Optical spectroscopy based fluid analysis is an industry accepted technology widely used for discriminating between different types of fluids downhole, viz. oil, gas and water, based on the difference in their absorption peaks in the Near Infrared Region (NIR)13, as seen in Figure 2. Contamination of bottomhole liquid HC samples, due to miscible Oil Based Mud (OBM) filtrate, can also be estimated using the results from these tools14,15. Recent developments in DFA technology have enabled the real-time fluid characterization of reservoir fluids into five compositional groups (C1, C2-C5, C6+, CO2 & water) using NIR spectroscopy19,20 and differentiation between gaseous and liquid phase using the principle of fluorescence Figure 3.

Employing a suitable combination of DFA devices provides a timely analysis of the reservoir fluids, with robust results, and is invaluable for ensuring an appropriate 'Chain-of-Custody' for downhole samples. First-hand knowledge of the fluid characteristics while it is being sampled results in a big logistical reward - a more flexible sampling program which has the potential of significant cost savings in deep water territories.

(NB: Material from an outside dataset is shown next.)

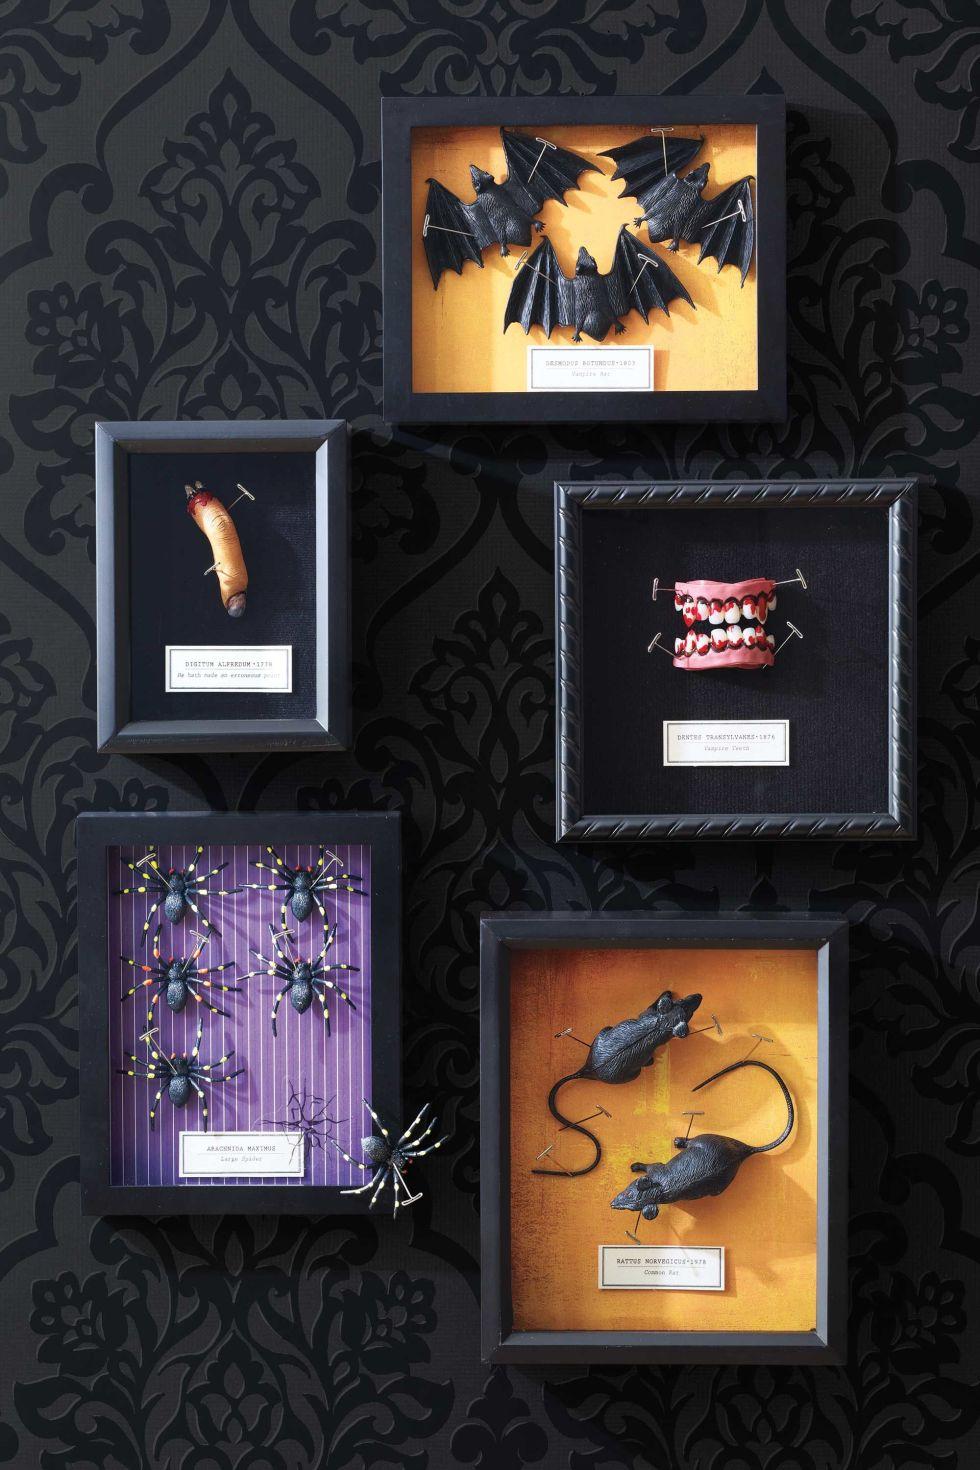 50 easy halloween decorations spooky home decor ideas for halloween - Inexpensive Halloween Decorations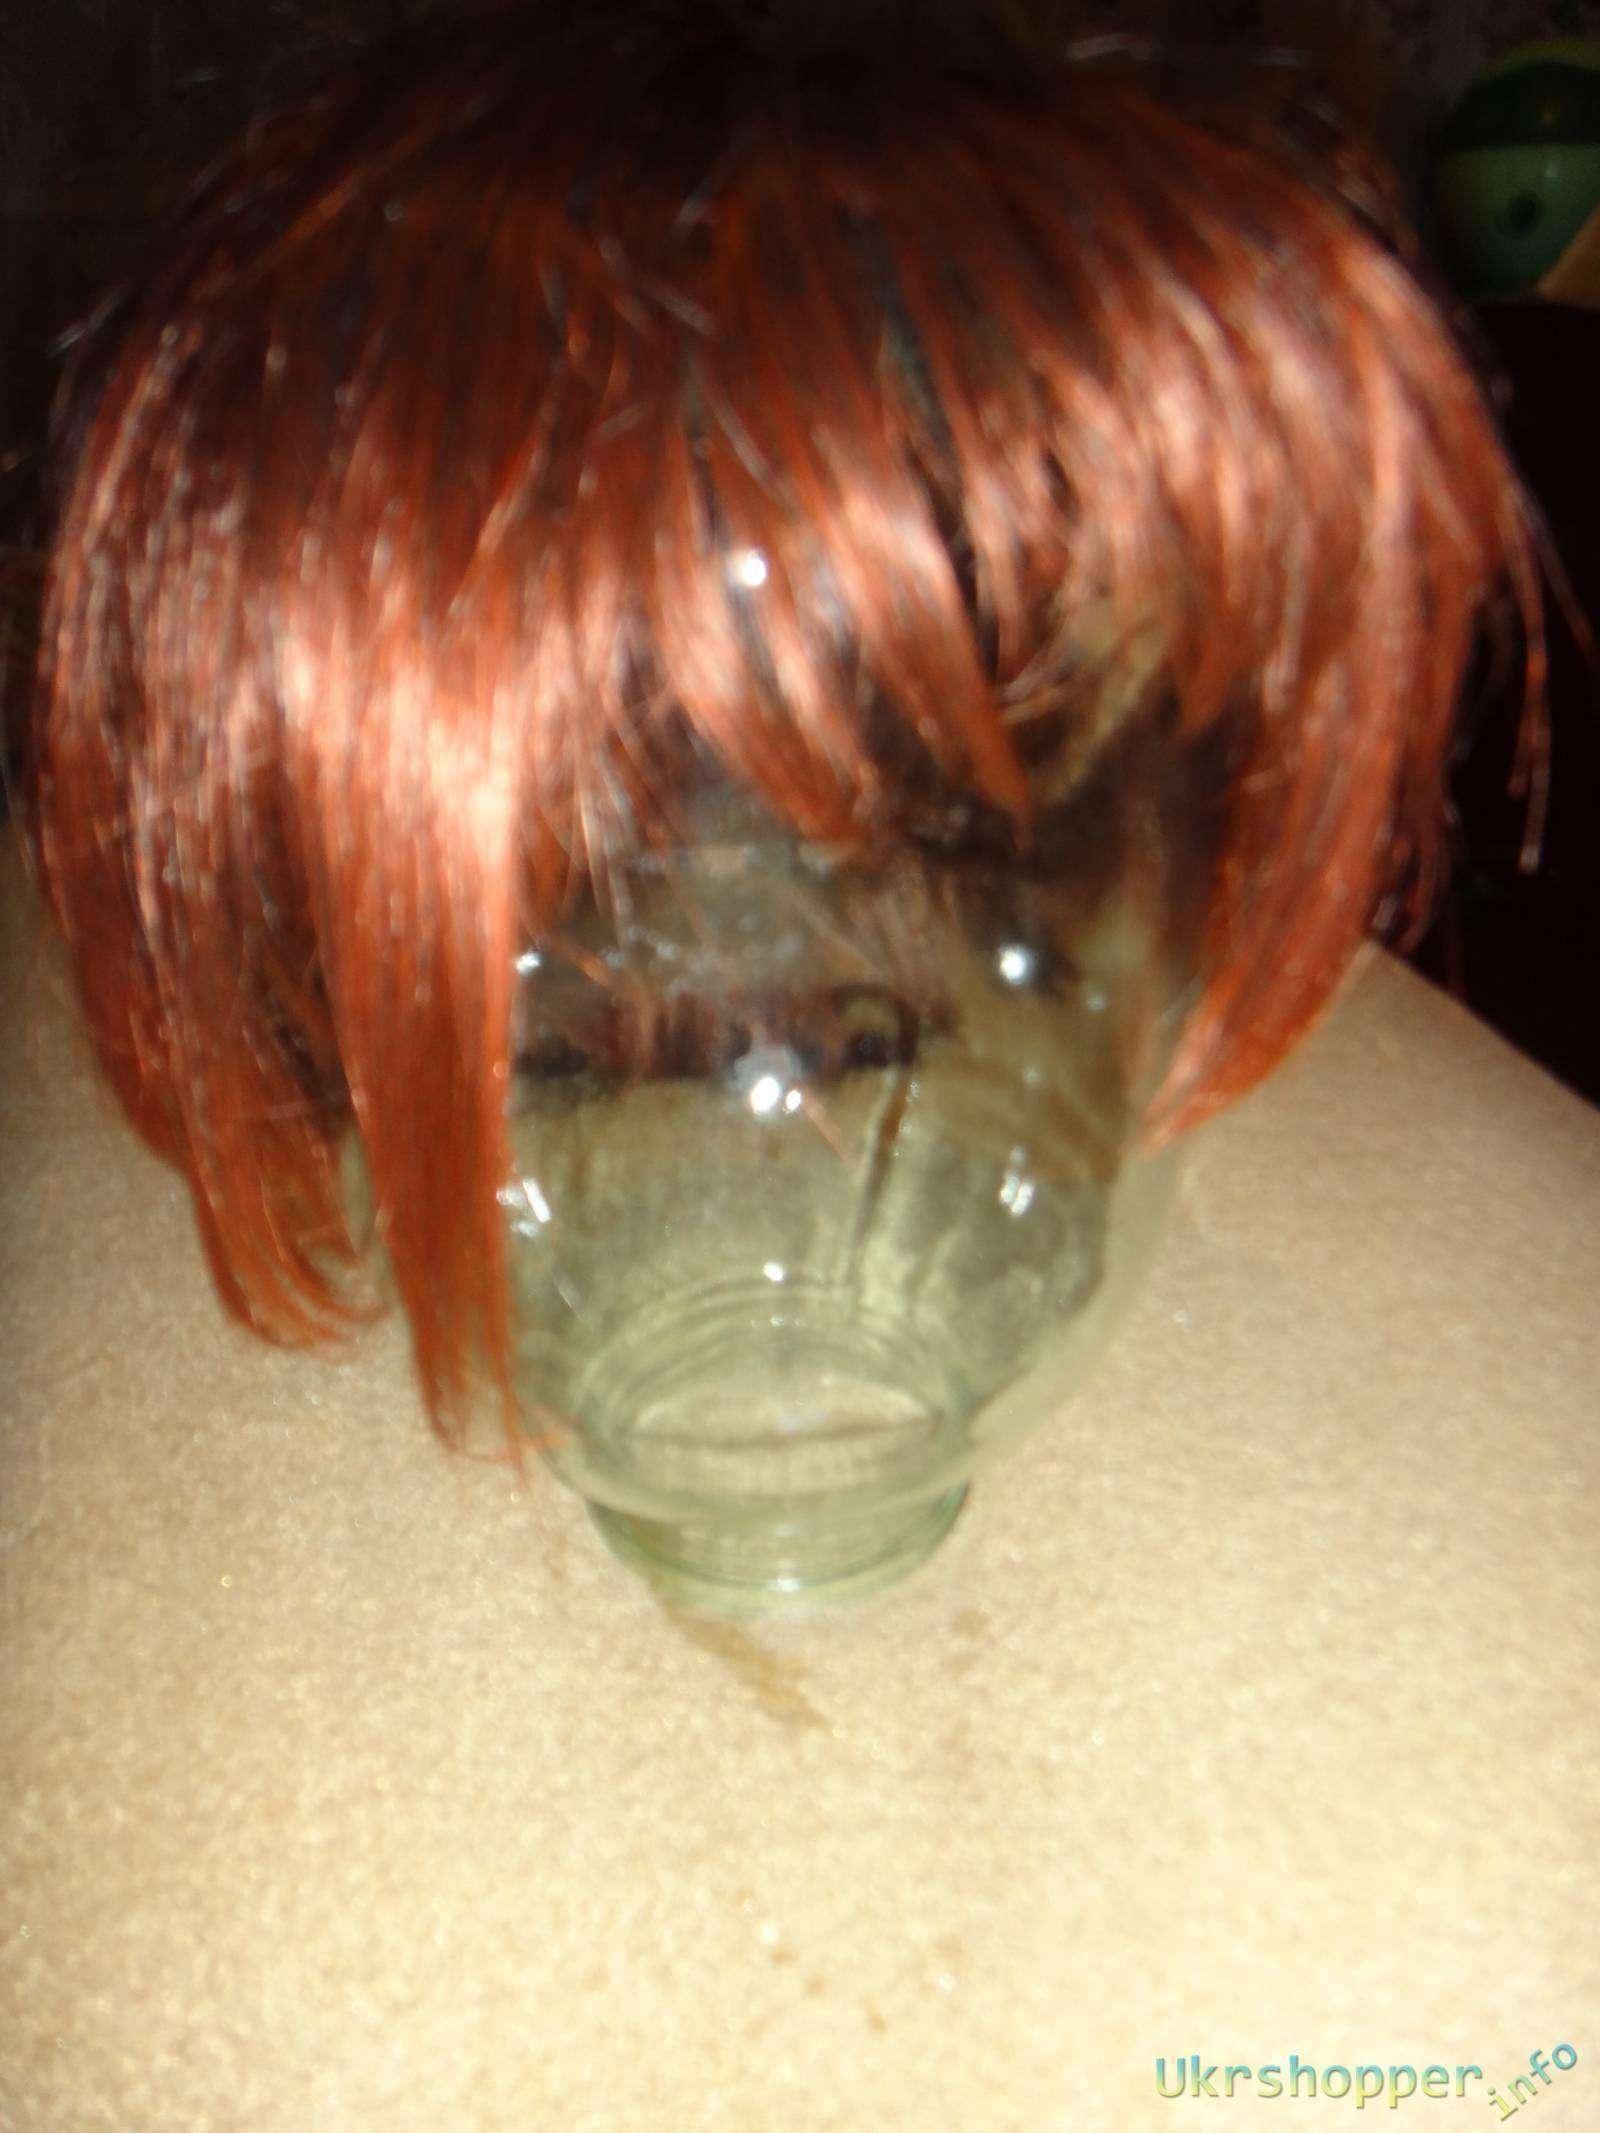 Aliexpress: Обзор женского парика со стрижкой каре

The Live Fluid Analyzer13 (LFA)* and Compositional Fluid Analyzer19,20 (CFA)*, used in combination, provide both in-situ characterization of reservoir fluids and quantification of filtrate contamination in real time. In addition to that, the CFA, with its fluorescence detector, is an invaluable instrument to aid acquisition of downhole samples of a retrograde gas, under single-phase conditions. Fluid properties like GOR/CGR, derived indirectly from the NIR absorption characteristics of the flowing fluids, are very useful as OBM contamination level indicators as well.

Background of operations

The Dhirubhai-26 (MA) oil-field, situated offshore Andhra Pradesh, India is a deep marine reservoir located in an upper Jurassic to lower Cretaceous zone. It is a fluvial to lacustrine deposit with the principal reservoir sections dominated by areally restricted channel sands. Thin, laterally extensive alternations of siltstone and mudstone also constitute sections of the reservoir.